The whole listing, exactly as given: write it out, leaving out each image.

**Recorded data:**
⁂
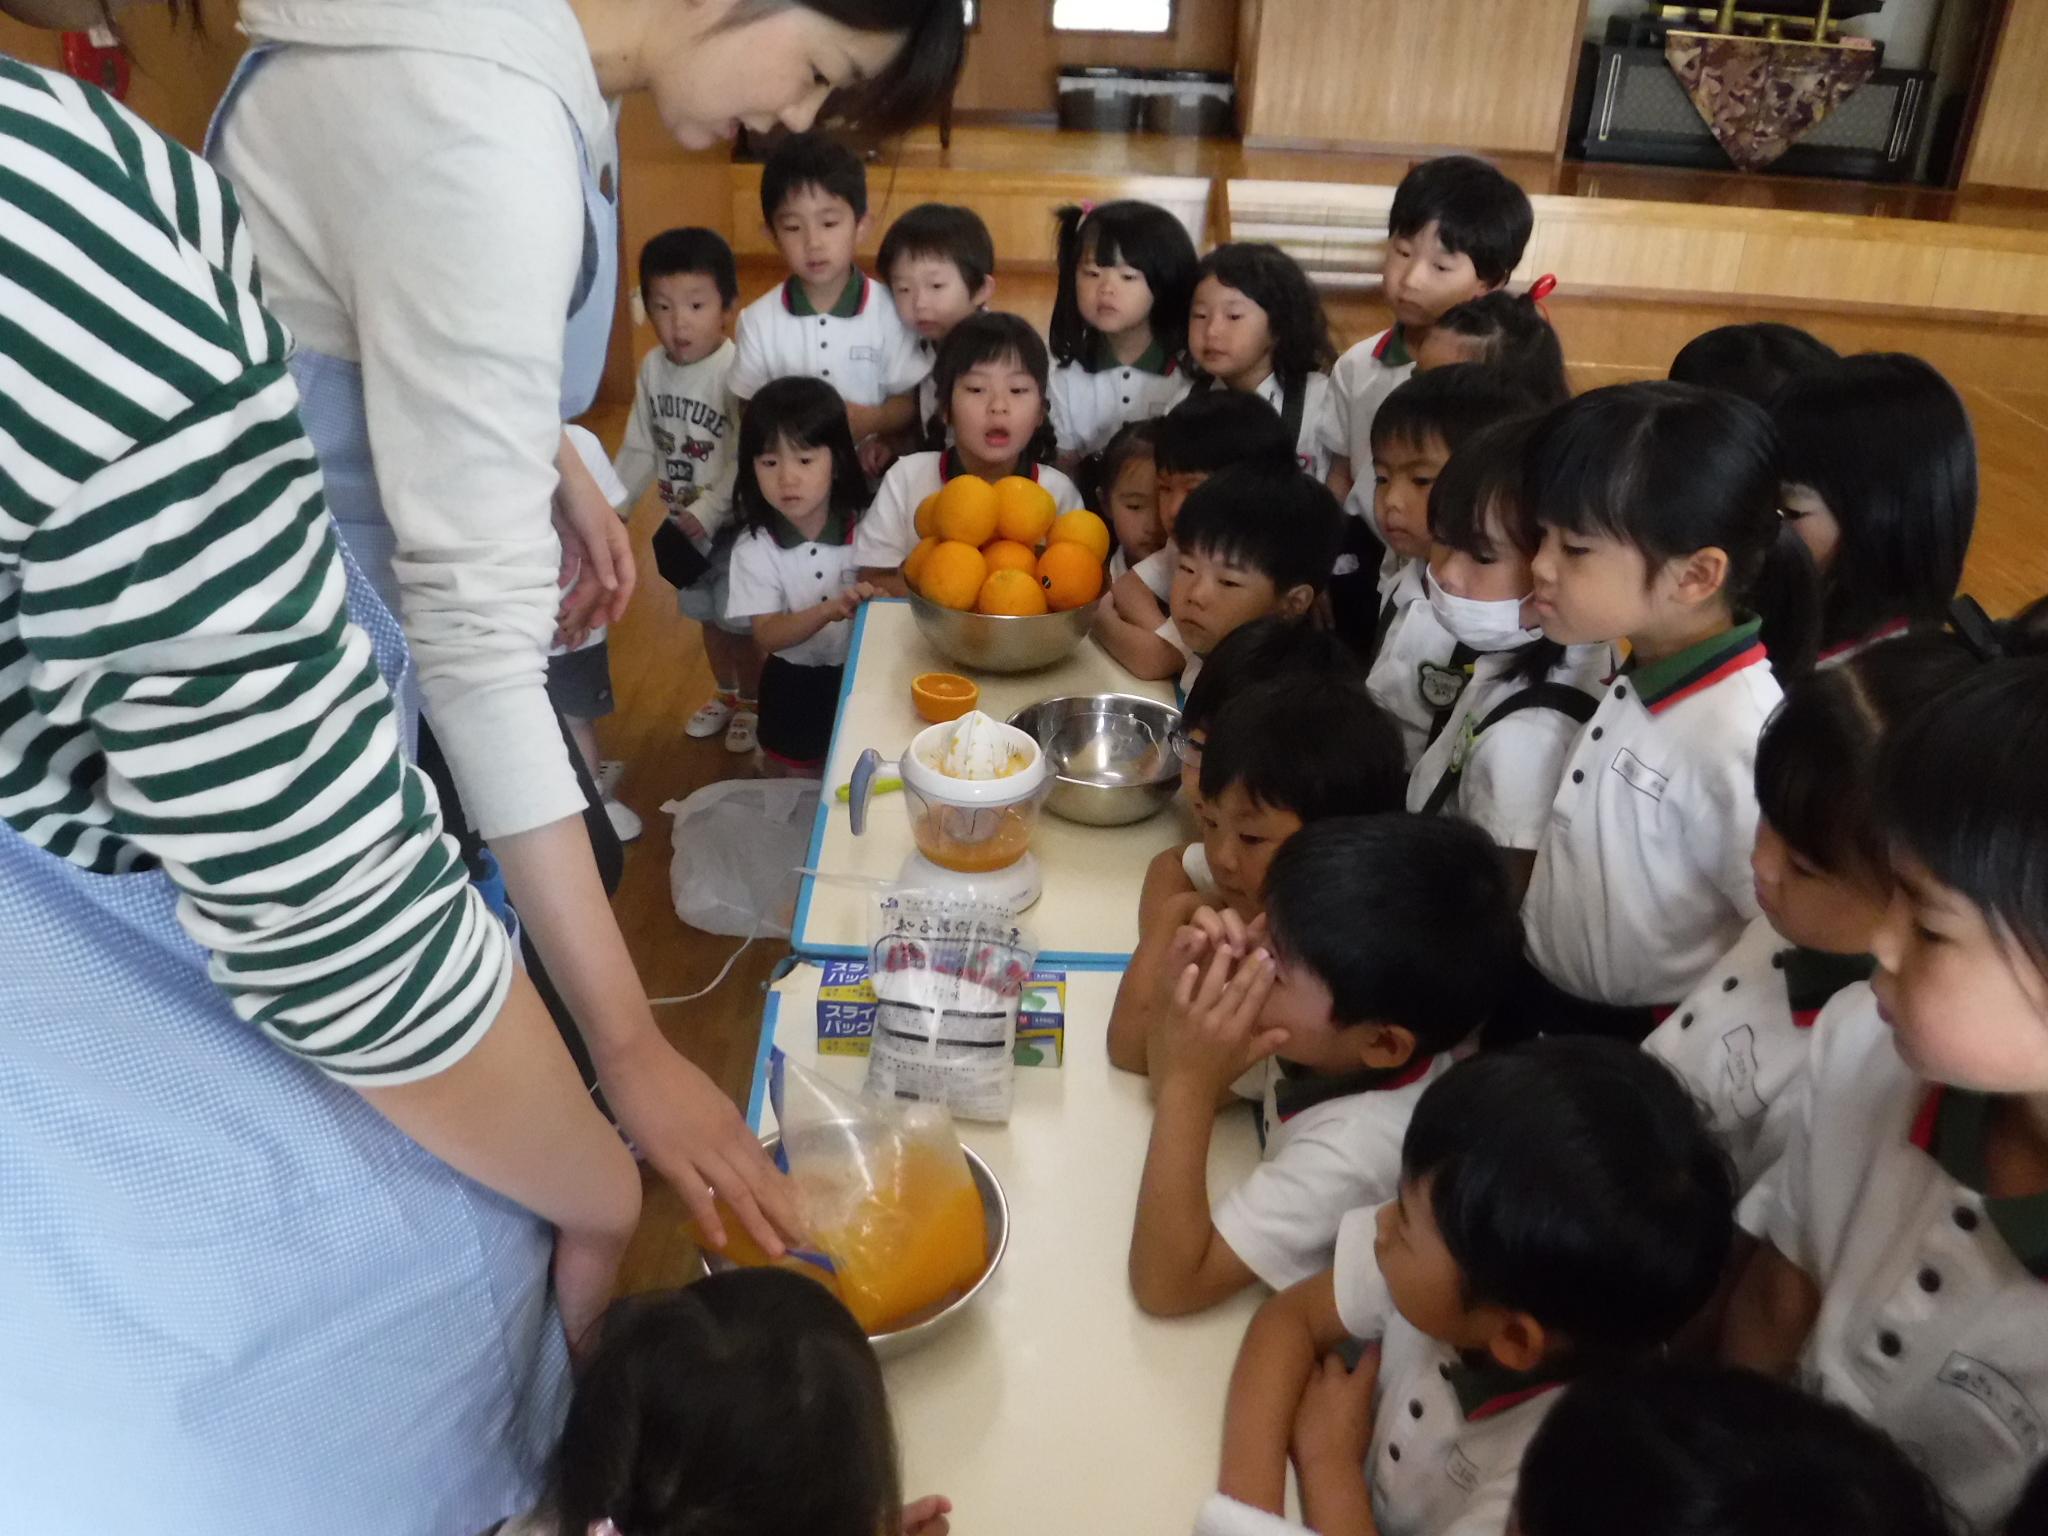 オレンジシャーベットおいしかったね♪(ダイバーシティタイム)
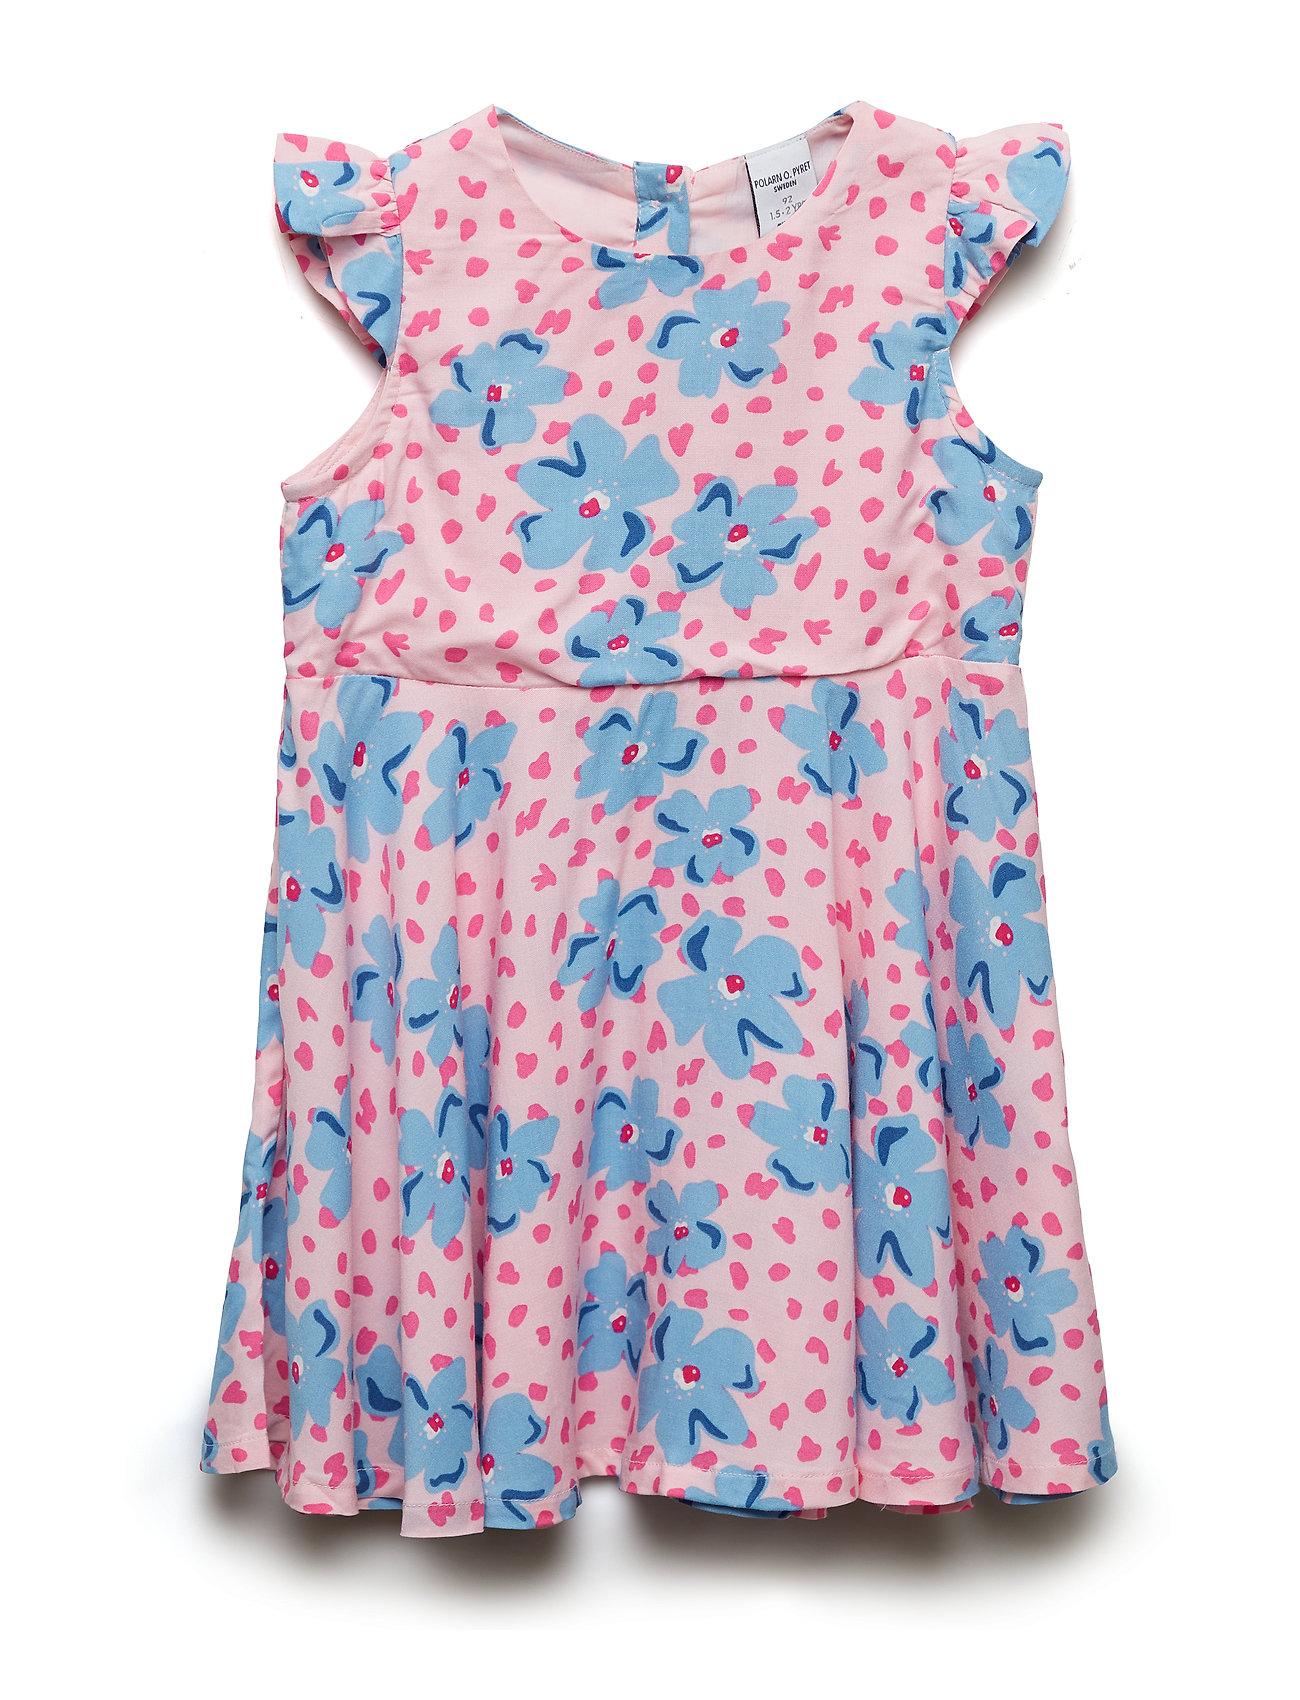 Polarn O. Pyret Dress Woven Preschool
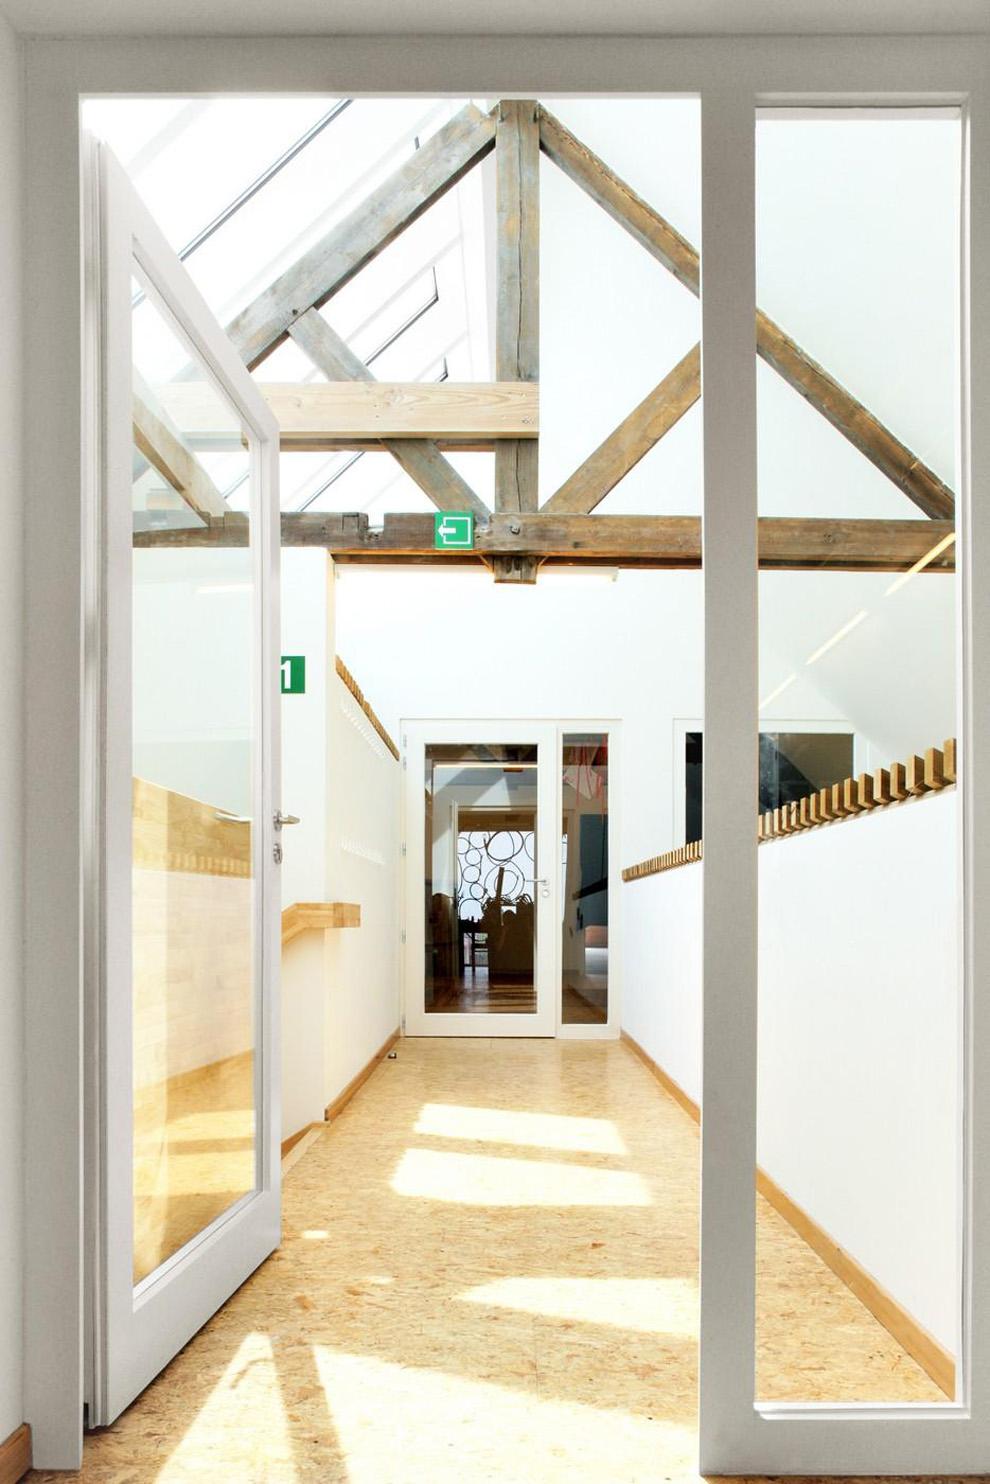 Cultural_centre_woesten-atelier_tom_van_hee-17
⁂
**Completed task:**
 オレンジシャーベットおいしかったね♪(ダイバーシティタイム)
 Polarn O. Pyret Dress Woven Preschool
 Cultural_centre_woesten-atelier_tom_van_hee-17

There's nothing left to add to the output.